- _Work task_:
The answer must be an exact copy of the lines from the one with "Sporades Blue Flower" through the final line below, with no pictures and nothing else.

Stored items
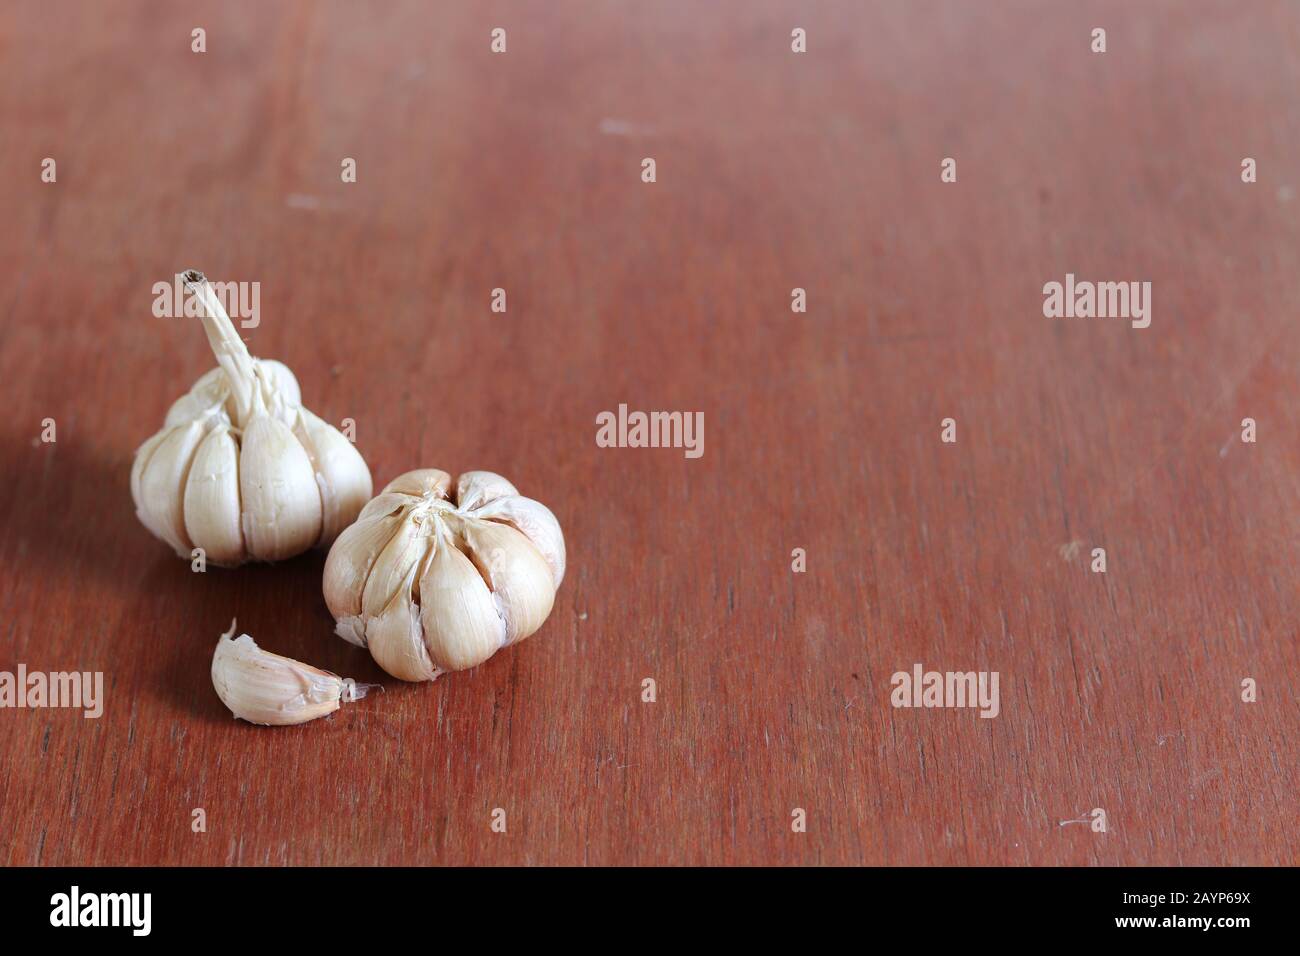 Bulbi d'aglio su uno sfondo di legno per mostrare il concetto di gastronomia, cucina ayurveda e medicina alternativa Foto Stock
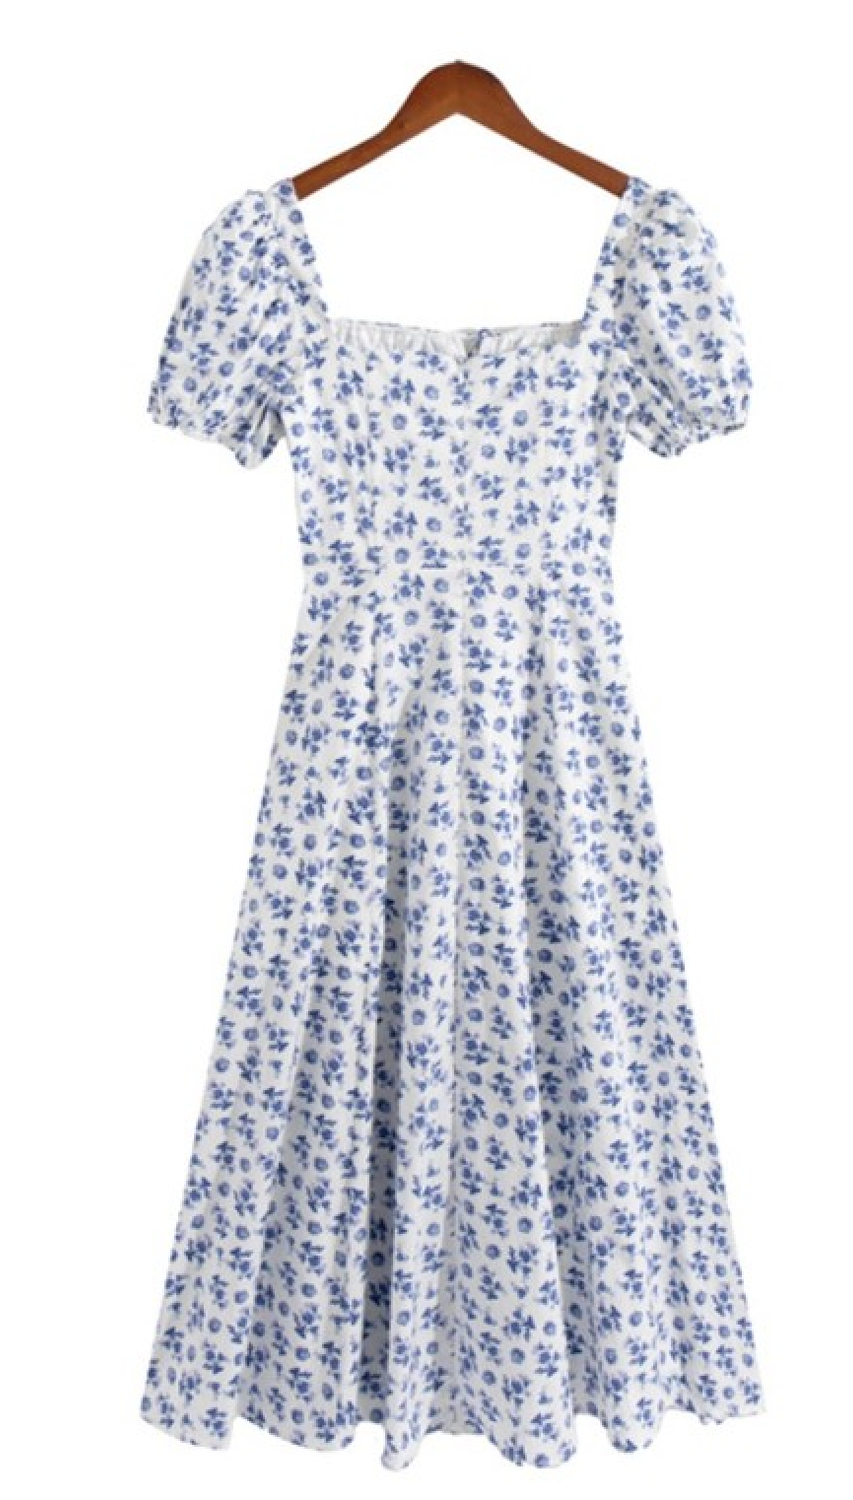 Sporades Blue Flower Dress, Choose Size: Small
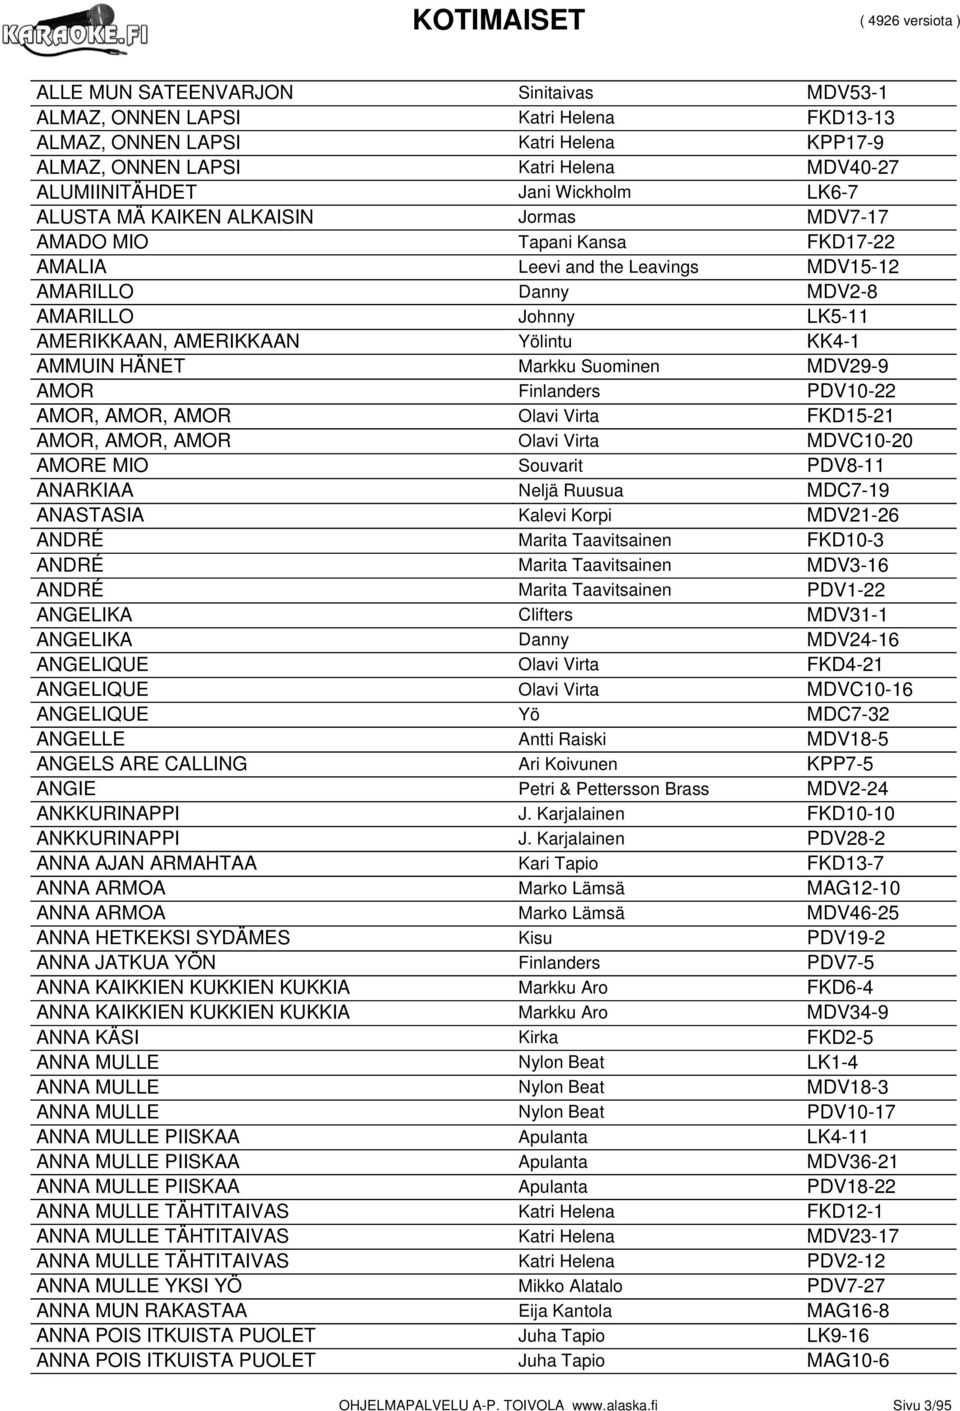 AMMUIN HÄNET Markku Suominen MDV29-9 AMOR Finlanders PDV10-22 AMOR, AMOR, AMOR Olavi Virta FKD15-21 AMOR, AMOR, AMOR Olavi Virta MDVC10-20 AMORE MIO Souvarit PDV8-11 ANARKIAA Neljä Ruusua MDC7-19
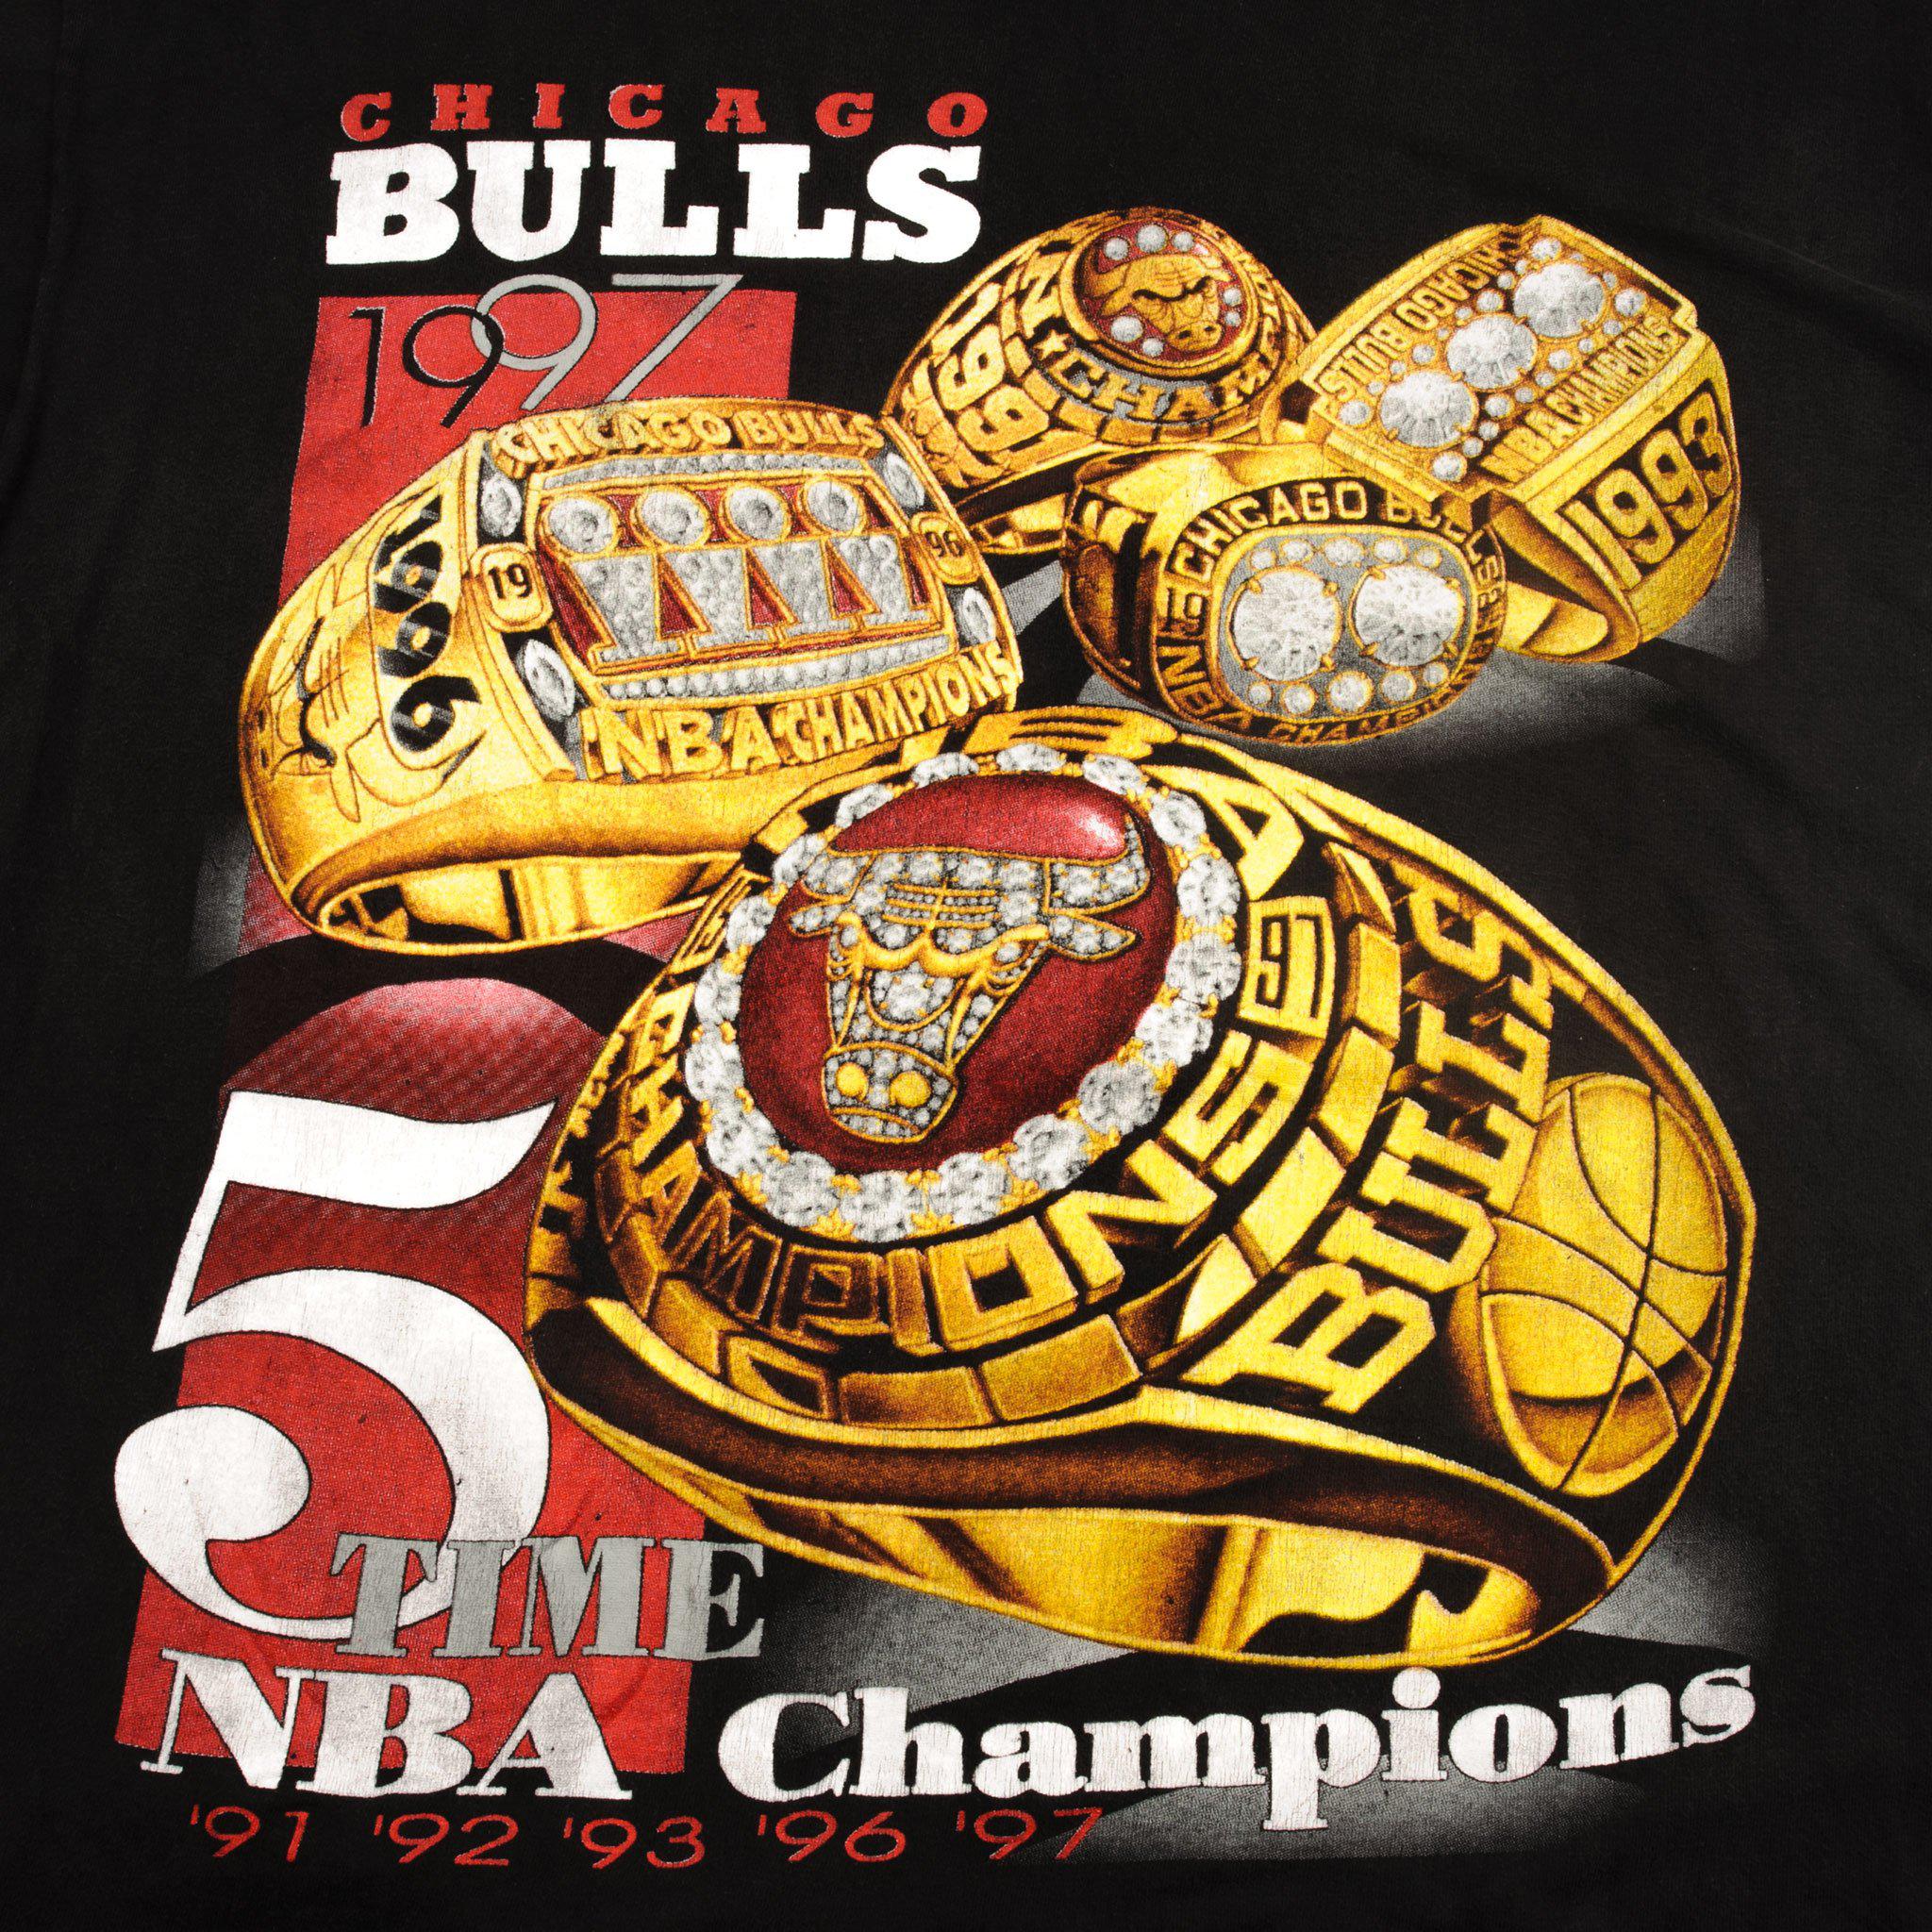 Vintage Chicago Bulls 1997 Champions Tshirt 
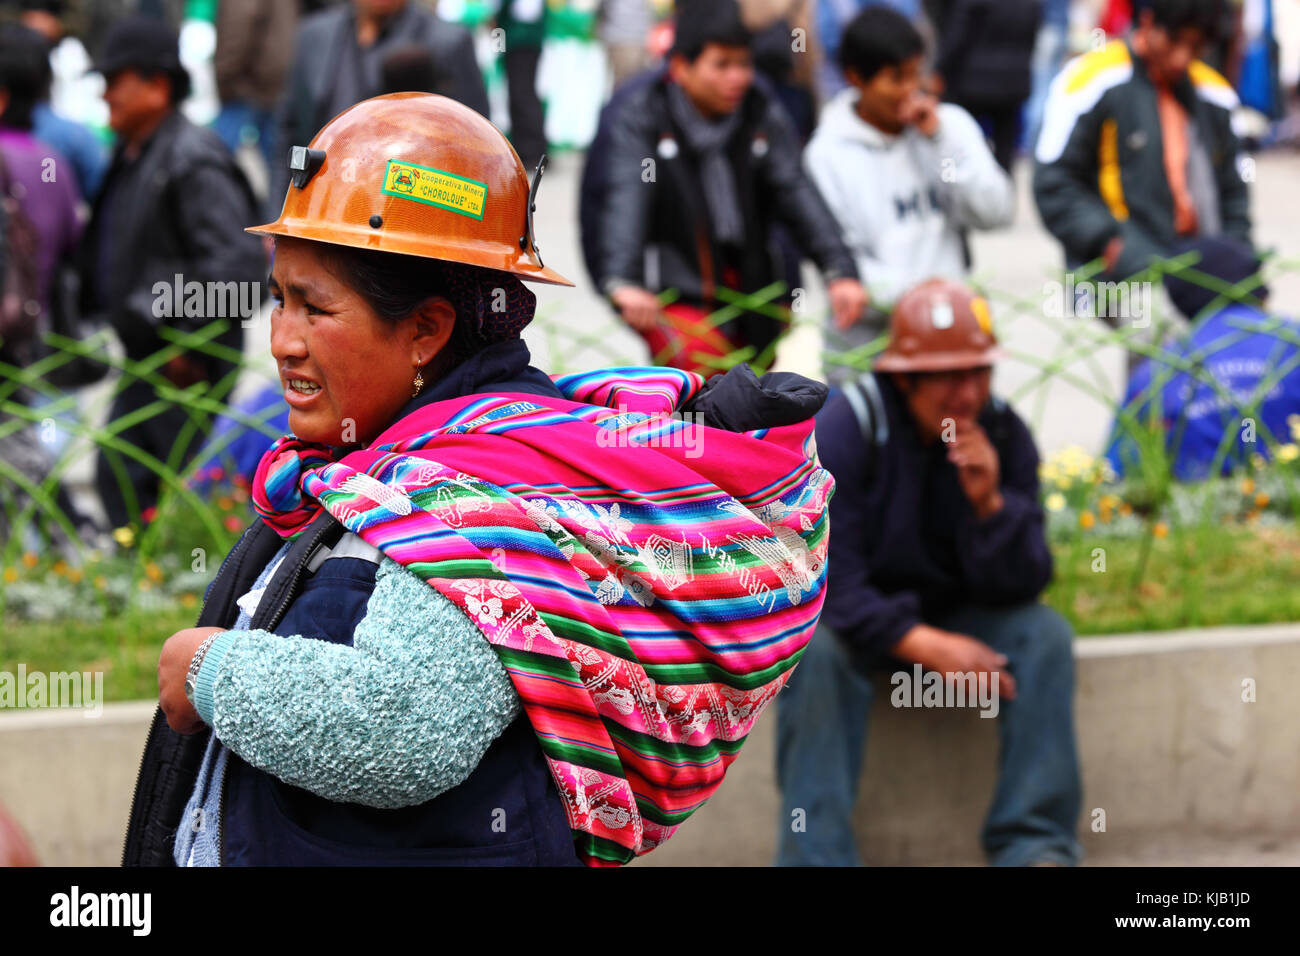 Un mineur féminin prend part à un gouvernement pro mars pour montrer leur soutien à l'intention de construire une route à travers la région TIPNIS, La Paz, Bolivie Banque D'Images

- _Your response_:
 Sporades Blue Flower Dress, Choose Size: Small
 AMMUIN HÄNET Markku Suominen MDV29-9 AMOR Finlanders PDV10-22 AMOR, AMOR, AMOR Olavi Virta FKD15-21 AMOR, AMOR, AMOR Olavi Virta MDVC10-20 AMORE MIO Souvarit PDV8-11 ANARKIAA Neljä Ruusua MDC7-19
 Vintage Chicago Bulls 1997 Champions Tshirt 
 Un mineur féminin prend part à un gouvernement pro mars pour montrer leur soutien à l'intention de construire une route à travers la région TIPNIS, La Paz, Bolivie Banque D'Images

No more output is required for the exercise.